Apa kah itu imsyak dan adakah syariat yang membolehkannya…?

Ada sebuah hadist
” Jika salah seorang di antara kamu mendengar Adzan sedangkan ia masih memegang piring( makan ), maka jangan lah ia meletak kan sehingga ia menyelasikan makannya..”
( HR Imam Ahmad, Abu Daud, Hakim dan di shahih kan oleh adz Dzahabi )

” Pada waktu iqamah di kumandangkan, Umar masih memegang gelas. Umar bertanya ke pada rasulullah; ” Apakah saya masih boleh minum ya Rasulullah ? ” Beliau menjawab; ” Ya ( BOleh ). Kemudiam Umar pun minum. ( HR Ibnu Jarir 3/527/3017 )

Di riwayat kan dari Syuhaib bin gharaqah al Bariqi dari Hibban bin Harist ia berkata “Kami pernah makan sahur bersama Ali bin abi thalib RA, maka takala kami telah selesai makan sahur, Ia menyuruh muadzin untuk iqamat.( shalat ) ( At Thahawi dalam syarah al ma’ani 1/106 dan Al Muhlis dalam Al Fawaid al munthaqah 8/11/1 )

Dari Anas bin malik dari Zaid bin Tsabit RA berkata ” Kami makan sahur bersma Rasulullah kemudian beliau bangkit untuk shalat shubuh. ” Anas berkata; ” aku bertanya kepada zaid: berapa lama zarak antara sahur dan iqomat? ia menjawab : Kurang lebih membaca lima puluh ayat. ( HR Bhukhari 1801, muslim 1097)

Hadist ini menerang kan kebiasaan Rasulullah sahur menjelang shalat setelah Adzan di kumandangkan.
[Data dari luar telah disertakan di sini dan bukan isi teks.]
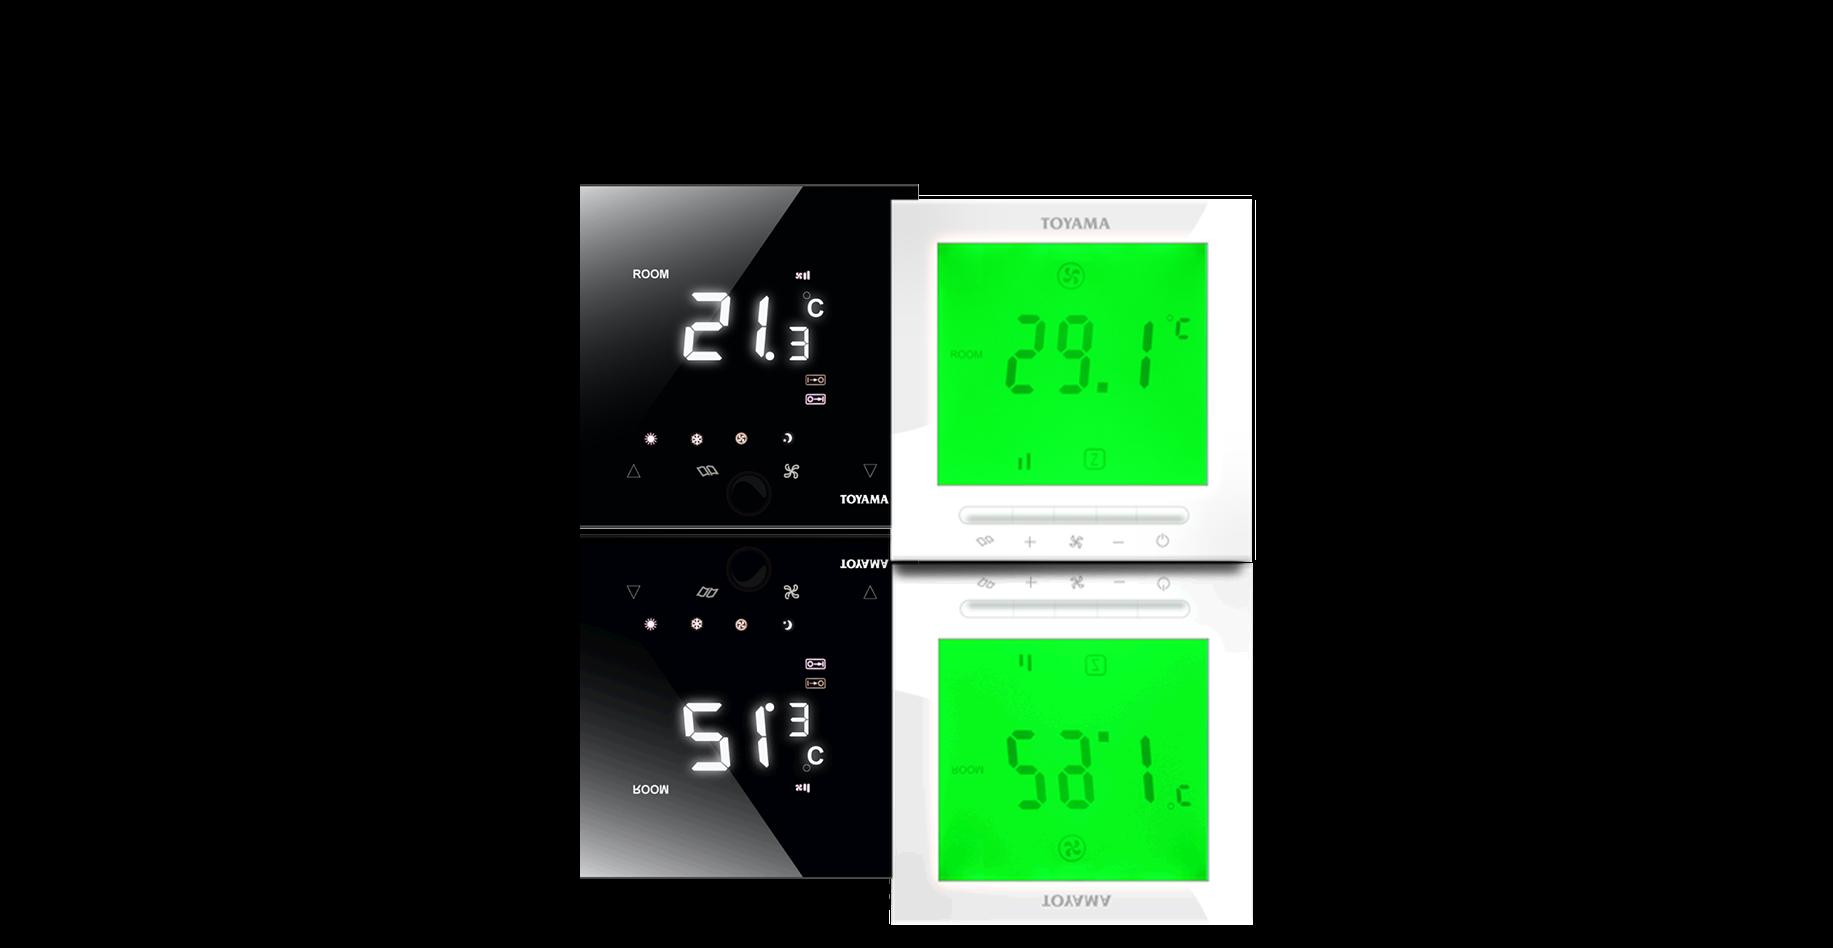 Toyama Controls - Thermostat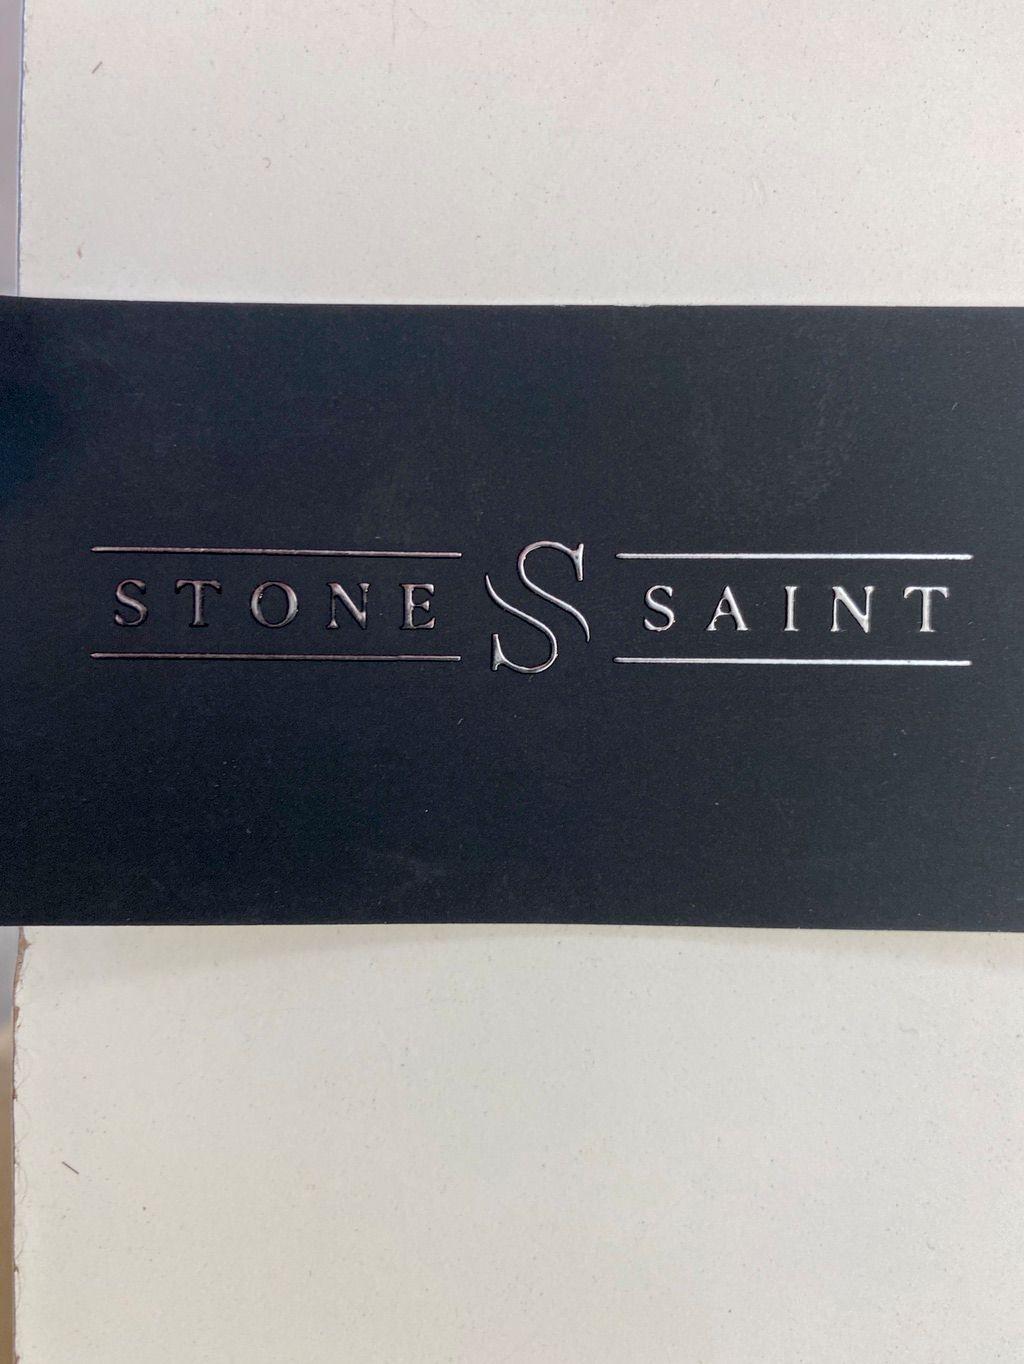 Stone Saint LLC

Oleh karena itu setelah makan Beliau bangkit untuk shalat subuh
Jadi kesimpulannya tidak adanya waktu imsak dalam syariat islam, dan kita di perbolehkannya makan dan minum hingga iqamat di kumandangkan.
Seperti yang di maksud ayat AL Baqarah 187 ” makan dan minum lah hingga jelas bagimu benang putih dari benang hitam , yaitu fajar ( AL Baqarah 187)

Ayat ini menerangkan dengan jelas batasan Sahur yaitu terangnya cahaya fajar.